В заключение отметим, что вопросы, связанные с общим благом, привлекли все большее внимание после либерально-коммунитарных дебатов в современной политической философии. Существуют значительные разногласия относительно того, из чего состоит общее благо и как его следует реализовывать. Различные политические теоретики выдвигают конкурирующие взгляды на роль и относительную важность универсальных принципов справедливости и прав человека, общинного
образа жизни, источников коллективной идентичности, активной гражданской позиции, общественного обсуждения и конфликтной природы политики. Одна из тем, вытекающая из приведенного выше обсуждения , заключается в том, что, с одной стороны, политическая теория не может предписывать нормативные принципы без учета реалий общественно-политической жизни. С другой стороны, ученые, которые подчеркивают пределы нормативного теоретизирования, могут в конечном итоге одобрить проблемные
практики, которые можно рассматривать как часть блага данного сообщества.

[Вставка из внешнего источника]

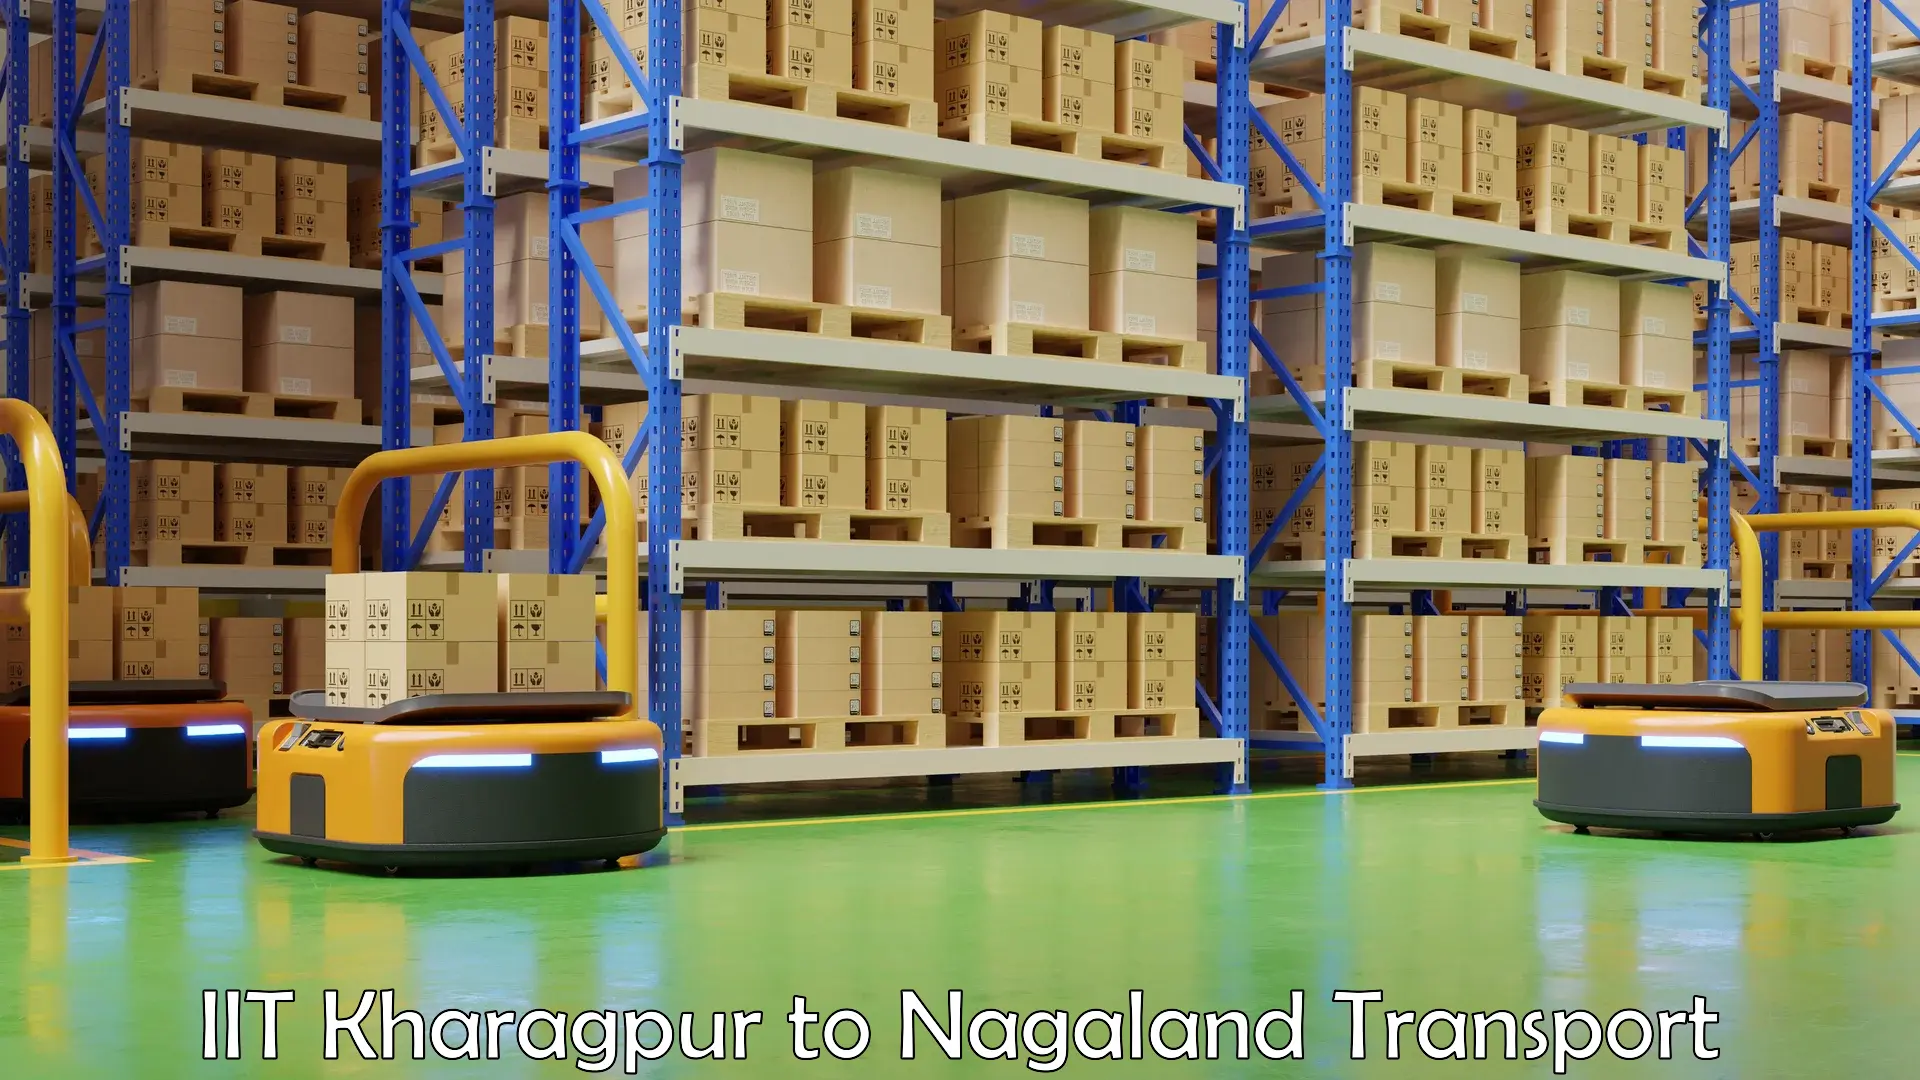 Shipping services IIT Kharagpur to NIT Nagaland

Связь с правами человека и равенством

Из обсуждения в предыдущих разделах кажется, что существует потенциальное противоречие между призывами к общему благу и поощрением прав человека и
равенства. Многие современные ученые, стремящиеся возродить представления об общем
благе, признают, что это понятие использовалось в прошлом для оправдания социальных и политических неравенств и подавления отдельных частей населения (Etzioni 2004, стр. 3; Honohan 2002, с. 150–151; Riordan 2008, с. 6; Taylor 1997, с. 144–145). Например, как упоминалось выше, Аристотель стремился поощрять добродетельную жизнь полноправных членов города-государства, но не всех жителей, во имя общего блага. Современные теоретические дебаты указывают на различные способы понимания связи между общим благом и правами человека и равенством. Некоторые ученые критикуют то, что они считают чрезмерной заботой о гражданских
правах и правах человека, особенно в современной американской политике. В часто цитируемой книге на эту тему Мэри Энн Глендон (1991) утверждала, что либеральные «разговоры о правах» привели к обеднению политической жизни и подорвали социальные основы личной свободы. Она также заявила , что формулировка индивидуальных прав «регулярно продвигает краткосрочные интересы в долгосрочной перспективе,
кризисное вмешательство в ущерб превентивным мерам и частные интересы в ущерб
общему благу».
Коммунитаристские критики либеральной политической философии выразили аналогичные взгляды. Сандел, как упоминалось ранее, предлагал отказаться от либеральной «политики прав» в пользу «политики общего блага» (2005, стр. 147–55).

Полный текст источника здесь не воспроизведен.